The Unauthorised Biography of Ezra Maas by Daniel James


What da cover says:  Ezra Maas is dead. The famously reclusive artist vanished without a trace seven years ago whilst working on his final masterpiece, but his body was never found. While the Maas foundation prepares to announce his death, journalist Daniel James finds himself lured to write the untold story of the artist’s life – But this is no ordinary book. The deeper James delves into the myth of Ezra Maas, the more he is drawn into a nightmarish world of fractured identities and sinister doubles.

A chilling literary labyrinth, The Unauthorised Biography of Ezra Maas deftly blends postmodern noir with psuedo-biography, letters, phone transcripts, documents, emails and newspaper clippings to create a story like no other before it.

What I says:  Are you ready to go down the rabbit hole?

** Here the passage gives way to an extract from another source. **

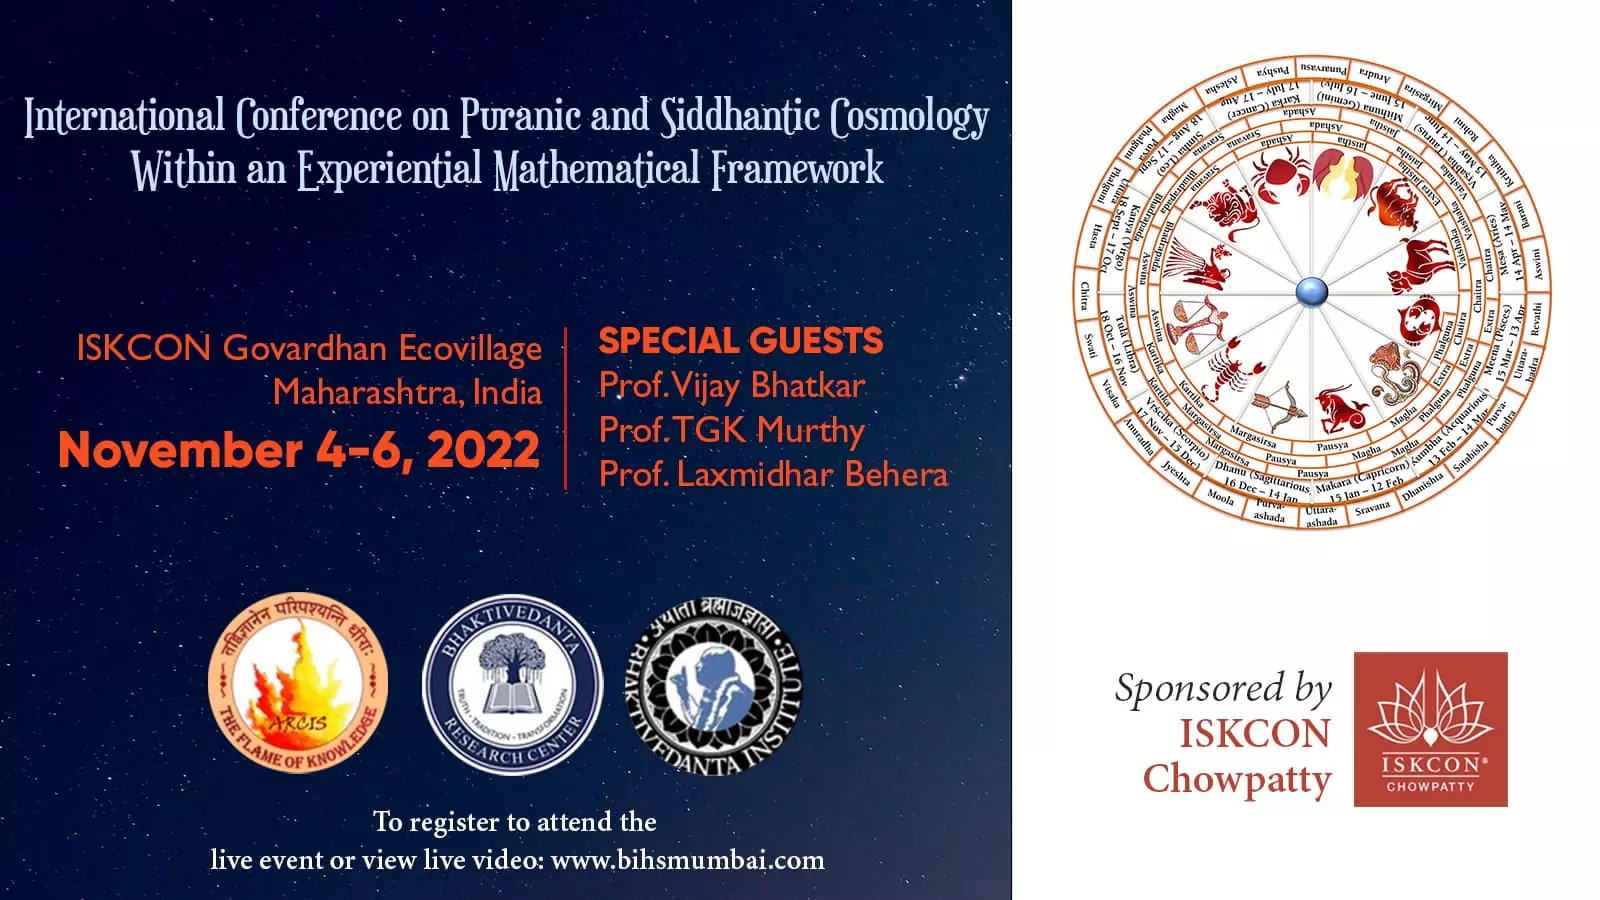 Конференция по пуранической и сиддхантической космологии, экопоселок Говардхан, 4-6 ноября 2022 г.

Because that is where this book is going to take you!  How to describe this book…or even put it in a genre?  It is a detective novel, it is both a biography and an autobiography, it is part encyclopedia, it is full of lies and truths and there is no telling which is which, it is nightmarish, a prophecy of sorts, but most of all it is a labyrinth stalked by Ezra Maas…dare you start reading it?

On the day I started this book the following events happened.  The Maas Foundation started following me on twitter, a black van parked outside my house and when I walked down the road a blacked out Mercedes slowly followed me.


I have never read anything quite like this, the whole thing is like a puzzle that draws you in and forces you to keep asking questions like, are the typos a clue?  Why do some of the chapters not have “End” at the end?  Who is Ezra Maas, why can’t I find him on google?  Why did Google home stop recognising my voice when I asked questions about Ezra Maas?   Who is Daniel James?  And who the hell is “Anonymous” the person putting this manuscript together?

The book’s oddness could put a few people off, for me I struggled with the many many footnotes, that is until I realised there was a story in there too.  As Shrek says this book is like an onion, it has so many layers.  The main chapters are broken up with interviews, phone conversations, emails, and newspaper reports.  This has a real positive effect on the book, it gives you time to take in and process what you’ve just read.

You’re never going to get the full story or all of your questions answered during the first read, this book demands you read it again and again, discovering something new each time.  The next time I read this I’m going to focus on those chapters with the missing “End”, there must be clue in there.

I’ve gotta say congrats to Dead Ink books for picking up this book, I’ve read 3 of their publications (Sealed by Naomi Booth and The Study Circle by Haroun Khan) and all three have been fantastic.

Don’t be scared, give this book a go as it does what all good books should do, Take you on an adventure!